Emerging growth company ☐
If an emerging growth company, indicate by check mark if the registrant has elected not to use the extended transition period for complying with any new or revised financial accounting standards provided pursuant to Section 13(a) of the Exchange Act. ☐
Item 2.02 Results of Operations and Financial Condition
On February 14, 2023, Udemy, Inc. (the “Company”) issued a press release announcing its financial results for the quarter ended December 31, 2022. A copy of the press release is furnished as Exhibit 99.1 hereto and is incorporated by reference herein.
The information in Item 2.02 of this Current Report on Form 8-K, including the accompanying Exhibit 99.1, is being furnished and shall not be deemed “filed” for the purposes of Section 18 of the Securities Exchange Act of 1934, as amended (the “Exchange Act”), or otherwise subject to the liabilities of Section 18. The information in Item 2.02 of this Current Report on Form 8-K, including the accompanying Exhibit 99.1, shall not be incorporated by reference into any registration statement or other document filed pursuant to the Securities Act of 1933, as amended, or the Exchange Act, regardless of any general incorporation language contained in such filing.

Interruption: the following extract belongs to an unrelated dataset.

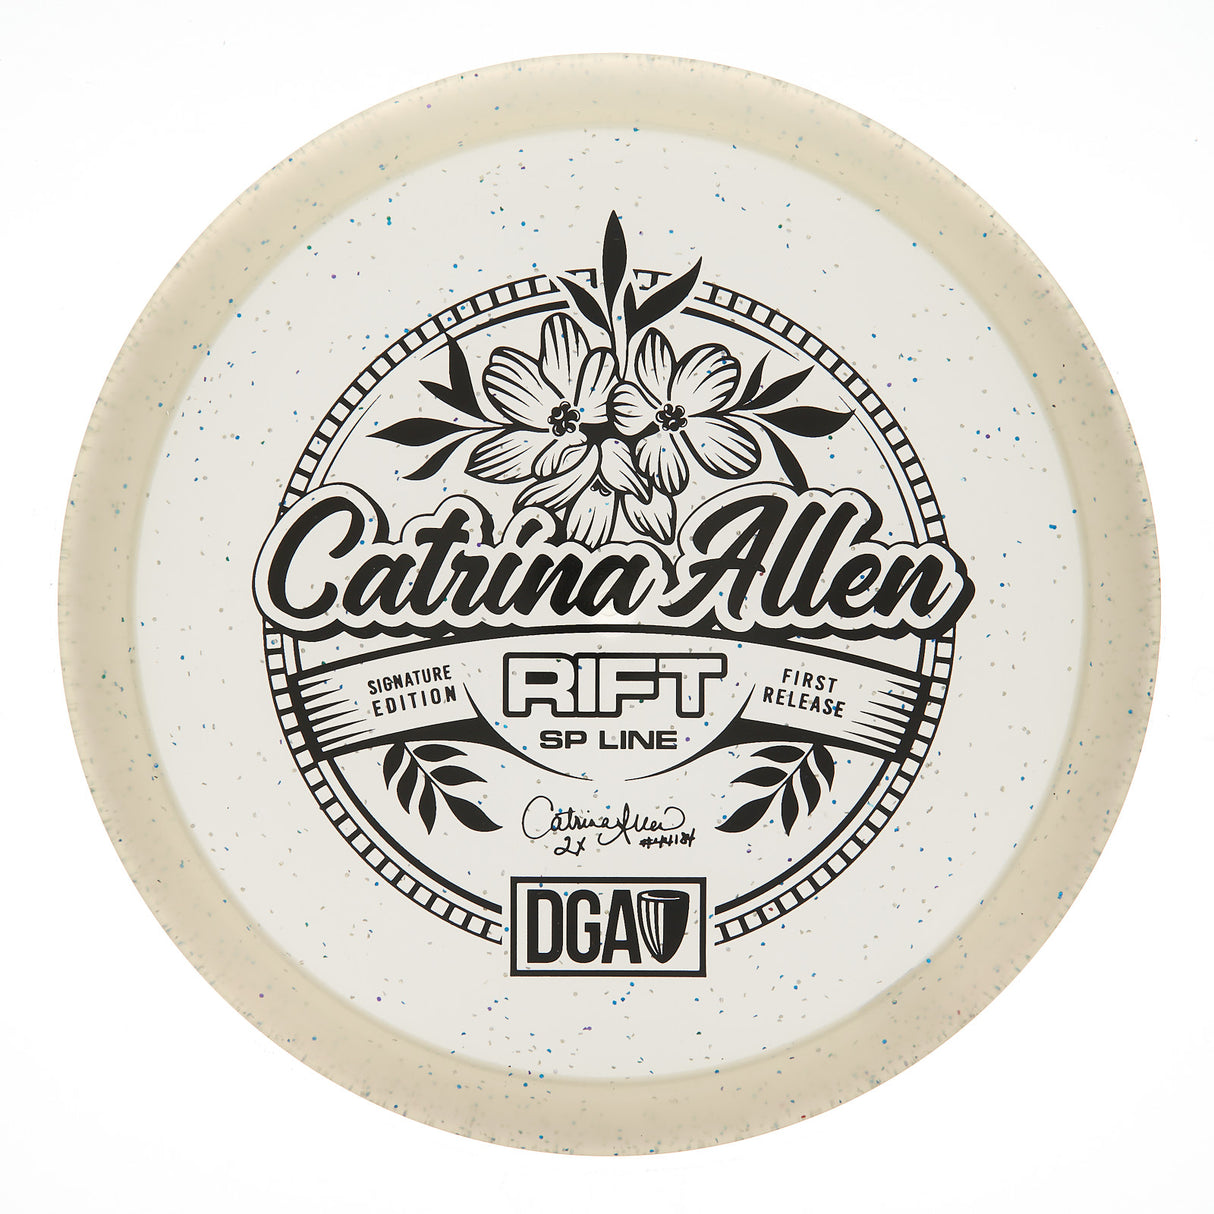 DGA Rift - Catrina Allen Signature Edition First Release SP Line 177g | Style 0004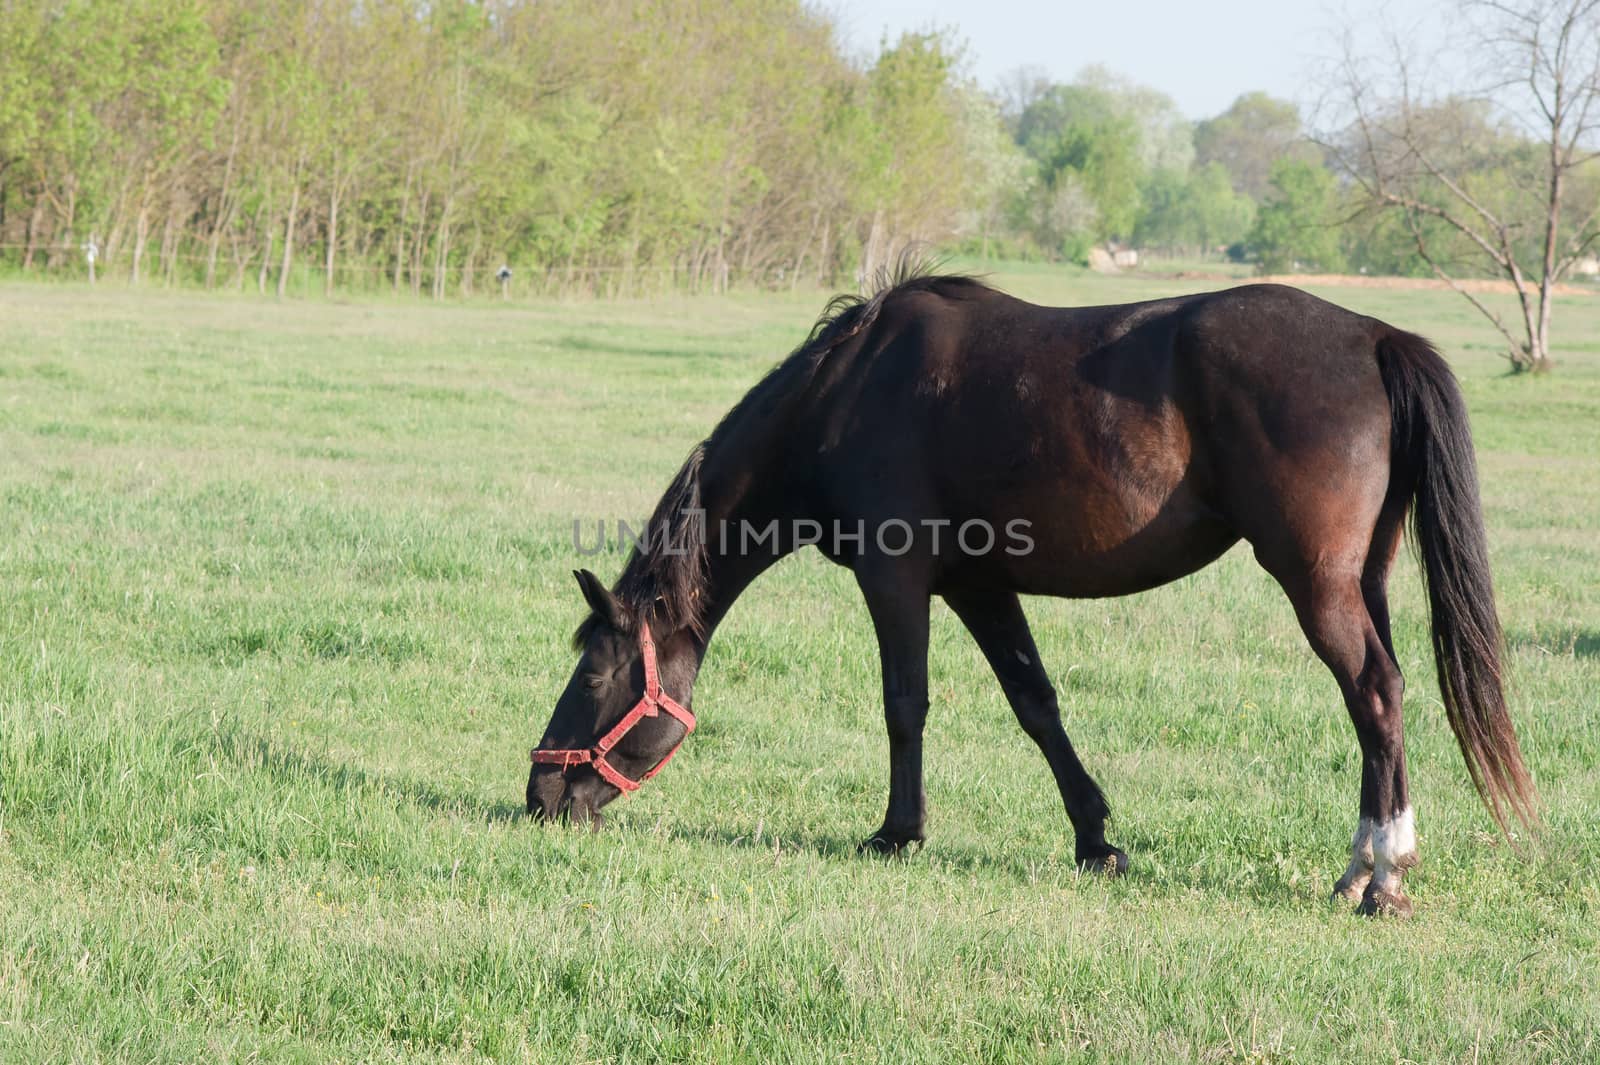 Horses graze freely on pasture in the spring.

Item 2.05. Costs Associated with Exit or Disposal Activities
On February 13, 2023, the Company committed to a reduction in force that is expected to result in the termination of approximately 10% of the Company’s global workforce. The Company took this step to decrease its costs during the current macroeconomic environment and create a more streamlined organization to support its business. As a result, the Company expects to recognize restructuring charges between $9 million and $11 million in the first quarter of 2023, primarily consisting of personnel expenses such as salaries and wages, one-time severance payments, and other benefits. Cash payments related to these expenses will be paid out primarily during the first and second quarters of 2023. Also included in the indicated range is an immaterial amount of stock-based compensation expense that will be recognized in the first quarter of 2023 as a result of modifications to allow vesting of certain stock-based awards held by impacted personnel. The reduction in force is expected to be completed by the end of the second quarter of 2023.
The estimates of costs and expenses that the Company expects to incur in connection with the reduction in force are subject to a number of assumptions and actual results may differ materially. The Company may also incur additional costs not currently contemplated due to events that may occur as a result of, or that are associated with, the reduction in force.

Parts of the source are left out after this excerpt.